We believe that disease cross-references in a flat file that is easily accessible and editable will improve ontological matching in particular disease areas. Disease ontology hierarchies is another source of data for the project. We use ontologies from Bioportal and R scripts to extract relevant hierarchical information based on the matching file described above. The GitHub repository explains how to repeat the data preparation process. Table 1 describes in detail individual ontology contributions into cross-referencing and unique terms.

Table 1 Individual ontology contribution into cross-referencing and unique terms

Grakn knowledge base

We provide a Grakn schema with logical rules to make ontological inferences and a preloaded Grakn database. Example queries and use cases are available together with loading scripts written in python to rebuild and extend the database. Figure 2 shows a schema diagram for a disease node with multiple attributes for ontological terms. The Grakn database was chosen due to its flexible schema and its logical reasoning capabilities, allowing us to switch between different disease ontologies with ease or to incorporate all available ontological hierarchies together for an overall view of a particular disease. Grakn’s logical reasoning engine supports transitivity rules essential for ontological matching [22]. From a practical perspective, transitivity rules enable access to all the children of a particular disease term in a straightforward query and the use of multiple disease ontology hierarchies together, e.g. to get all subordinate diseases for a particular disease considering all available ontologies.

Fig. 2
figure 2

available at Github repository

Grakn Knowledge Base: part of the schema diagram shows a disease node with multiple attributes for ontological terms. Grakn schema with all nodes, attributes and logical rules is

Results

Our results consist of a Grakn knowledge base, schema and loading scripts that allow the building of a biomedical knowledge graph foundation—creating a practical solution that allows easier data integration from NLP pipelines and a variety of biomedical databases. This knowledge graph solution enables comprehensive exploration and interaction with disease ontologies. It visualises disease ontologies, allowing query of all sub-classes of a particular term regardless of the ontology using one command, facilitating switching between different ontologies, and remapping one ontology terms, e.g. MeSH, to the hierarchical structure of another ontology (e.g. MONDO).
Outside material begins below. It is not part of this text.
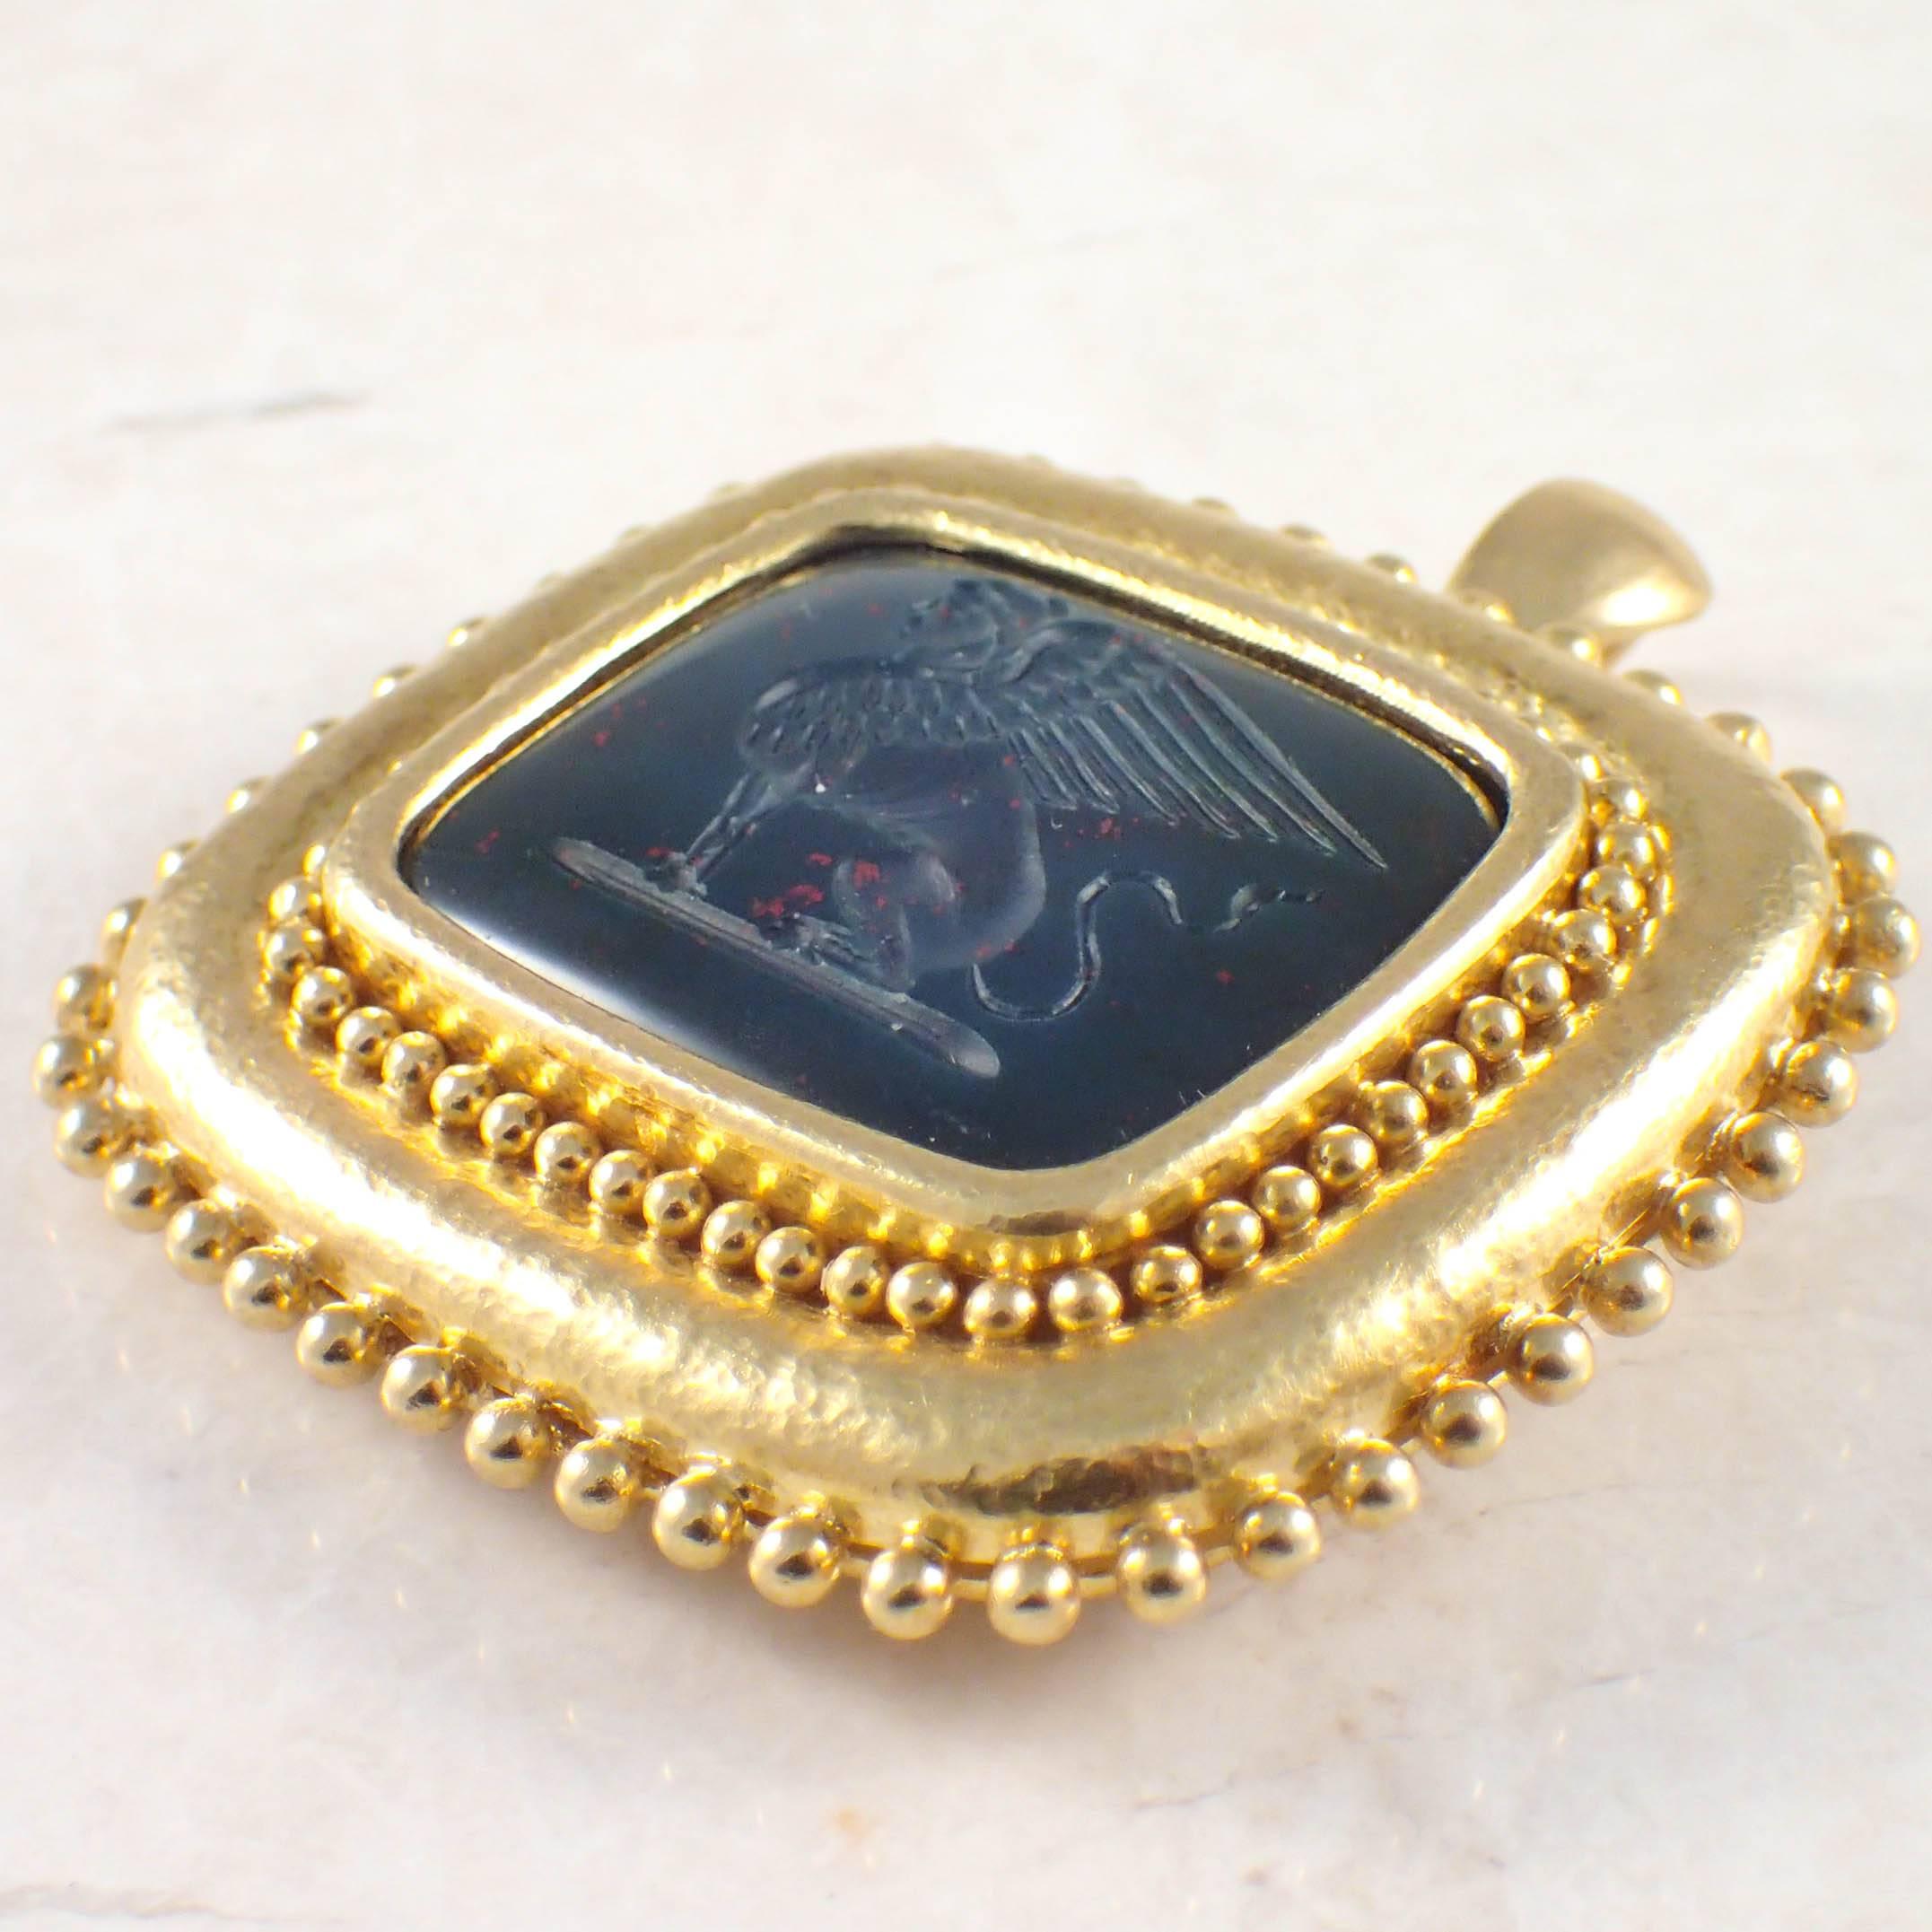 18K Yellow gold Elizabeth Locke intaglio pin/ pendant. The cushion shaped, carved bloodstone intaglio measures 27 X 21 mm within a gold frame decorated by gold beads. The pendant measures 2 X 1 1/2 inches and weighs 24.7 DWTs/ 38.4 grams. Stamped

After loading over prepared data, obtaining all sub-classes of "chronic kidney disease" from the available hierarchies of disease ontologies is now trivial using Graql query:

figure a

Multiple other common ontological problems are solved, and examples are available in the Github repository.

We also provide data preparation R scripts to process disease ontology data in a format understandable for the Grakn knowledge base, together with pre-processed data files for MONDO, DOID, EFO, HP, MESH, Orphanet, UMLS, ICD-10 and NCIT disease ontologies.

Conclusions

Disease ontologies for knowledge graphs is a knowledge base solution that uses Grakn core with its logical inference and disease ontologies cross-references to allow easy switching between ontology hierarchies for data integration purpose. This software makes it straightforward to run common ontological queries. It is relatively easy to add new ontologies due to the python loading scripts, and the Grakn reasoning rules are easy to extend. We hope this software will make it easier for bioinformaticians to integrate data that uses multiple ontologies.

Availability and requirements

Project name: Disease_ontologies_for_knowledge_graphs; Project home page: https://github.com/natacourby/Disease_ontologies_for_knowledge_graphs; Operating system(s): Platform independent; Programming language: Python, R; Other requirements: The community edition of Grakn Core License: Affero GPL v3; Any restrictions to use by non-academics: no.